Britain's Royal Opera House (ROH) wants Twitter users to help create the world's first online opera.

The Covent Garden institution, which stages performances of ballet, opera and other classical music productions wants Internet-savvy tweeters to write the words to an opera using 140 characters or less at a time.

It's the people's opera and the perfect way for everyone to become involved with the inventiveness of opera as the ultimate form of storytelling, Alison Duthie, Head of ROH2, the arm of the ROH in charge of developing original projects said in a statement.

Duthie told Reuters on Tuesday that the most dramatic moments of the opera will be performed as part of the Deloitte Ignite festival in September and said the experiment aimed to debunk notions of opera as stuffy and traditional.

People make assumptions about who we are, and it is a case of just getting past those barriers, Duthie said. We hope to demystify opera.

Twitter, the online micro-blogging site used by celebrities and less well-known people to broadcast their thoughts to followers over the Internet in bursts of text 140 characters or less has become a sensation on the web.

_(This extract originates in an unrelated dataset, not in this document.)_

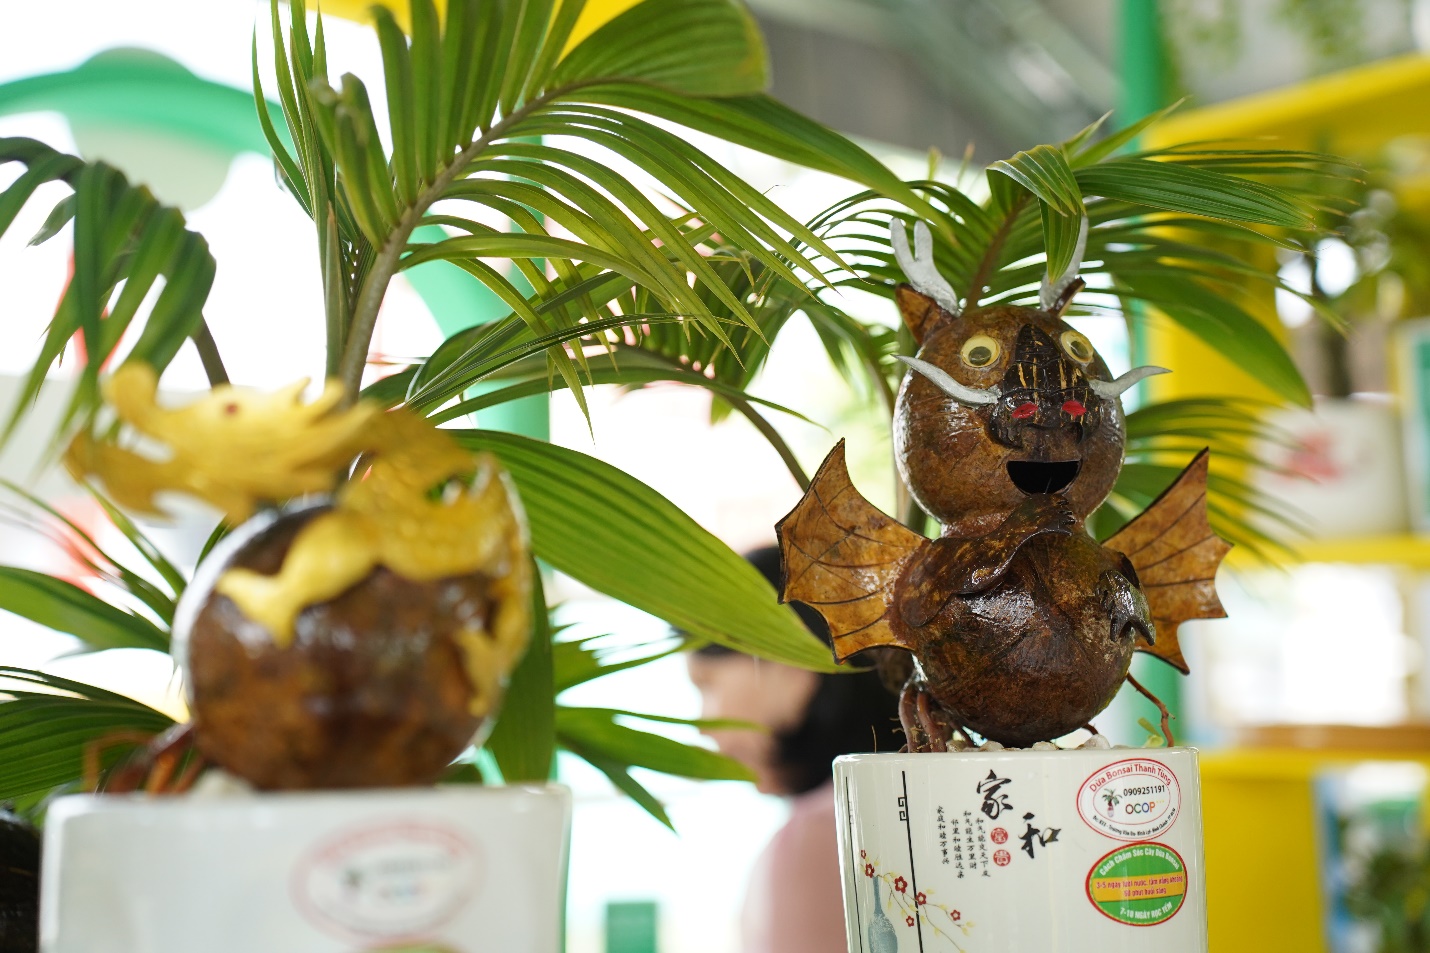 Ghé hội chợ OCOP TP.HCM ngắm bonsai dừa, nếm cá trắm kho riềng, nem cua bể - 7

Anyone interested in contributing to the Royal Opera piece can sign up and start writing at www.twitter.com/youropera.

So far only Act One, Scene One has been completed with the character William languishing in a tower, having been kidnapped by a group of birds bent on revenge after he has killed one of their number, according to a link on the Twitter site: http://royaloperahouse.wordpress.com/ .

The first few lines of the opera show the difficulty of stringing together the submissions into a coherent story.

A small bird twitters over there, He sings without a single care, If only we could be so free, Without the worries and the... concerns of a nihilist. I would bring you flowers, but they would die. I would love you, but, why?